Windows Password Blanker – Offline NT Password & Registry Editor
There are plenty of legitimate reasons to need to be able to get into a machine with a local account that has a password set that you don’t know. People either forget these passwords or if you inherit the machine, the login info isn’t transferred. With the “Offline NT Password & Registry Editor,” you can simply make a bootable CD, run it and walk through its instructions to choose an account and set the password to something you know or to blank it out (no password). I’ve had the best luck with blanking the password.
This is another reason to make sure the boot device priorities in your BIOS are set properly along with a BIOS setup password. You’ll also want to physically secure the machine so that somebody can’t get to the motherboard and either flip a CMOS switch, or set a ‘password reset’ jumper.
This is not a subtle way of getting into somebody’s machine unauthorized because the password is changed and they will find this out the next time they try to log in with that account. Recommended for legitimate causes only.
One tip: The password can not be set on a machine with its Safe Mode flag enabled, so be sure to shut down normally. If you’re still getting a message about being unable to write the settings, boot up into Windows and shut down normally again.
http://pogostick.net/~pnh/ntpasswd/
OphCrack – LiveCD to break passwords
Booting off of the LiveCD provided by Ophcrack, one can take a look at the strength of their local passwords. Ophcrack can crack a scary amount of passwords that are 14 characters in length or less. With the cd alone, you can get a lot of passwords, but there’s also a way to connect the software to a library on an external hard drive and let the cracking go wild.
This is a much more subtle approach and another good reminder why the BIOS boot priority setting is important. OphCrack can also be a good indication of whether or not you might consider making your password stronger.

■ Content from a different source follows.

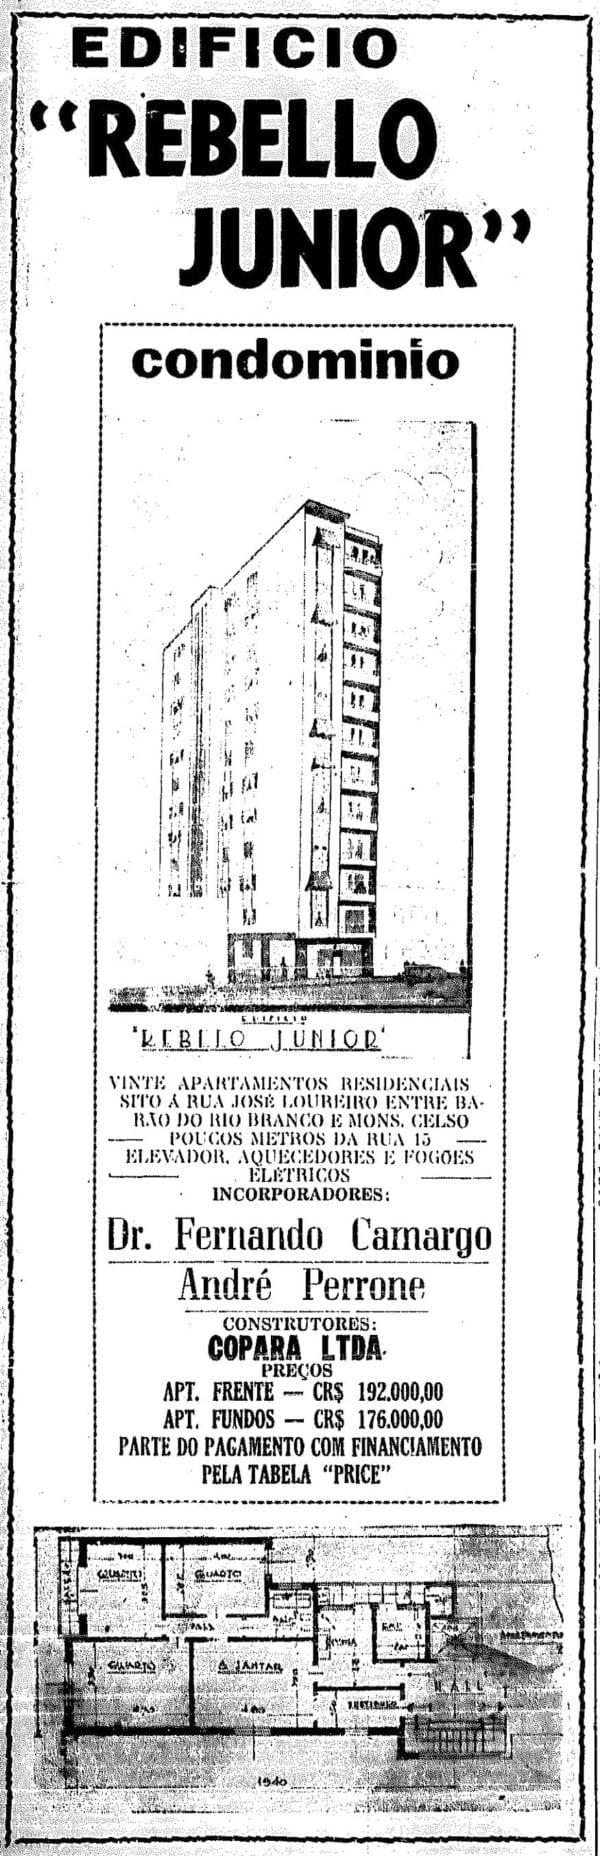 Anúncio de venda dos apartamentos do Edifício Rebello Júnior em 1946.

If you have a hard time coming up with a strong password for your local account, you can always use this function under the command prompt:
net user [username] /random
This will set the password to a random string of alphanumerics with varying capitalization.
You might also try sites like: http://strongpasswordgenerator.com/
http://ophcrack.sourceforge.net/
Windows XP Home Safe Mode – Default Administrator Account
If you’re having problems getting into your Windows XP Home machine, you can try booting into Safe Mode (Press F8 immediately before the Windows splash screen at boot up). There is an Administrator account with a blank password for default. If this is still the case, you can get into the Administrator account and change the passwords of the account you’ve forgotten. Or, you might not need to change passwords, as you’ll now have access to all local files if that contains the information you need.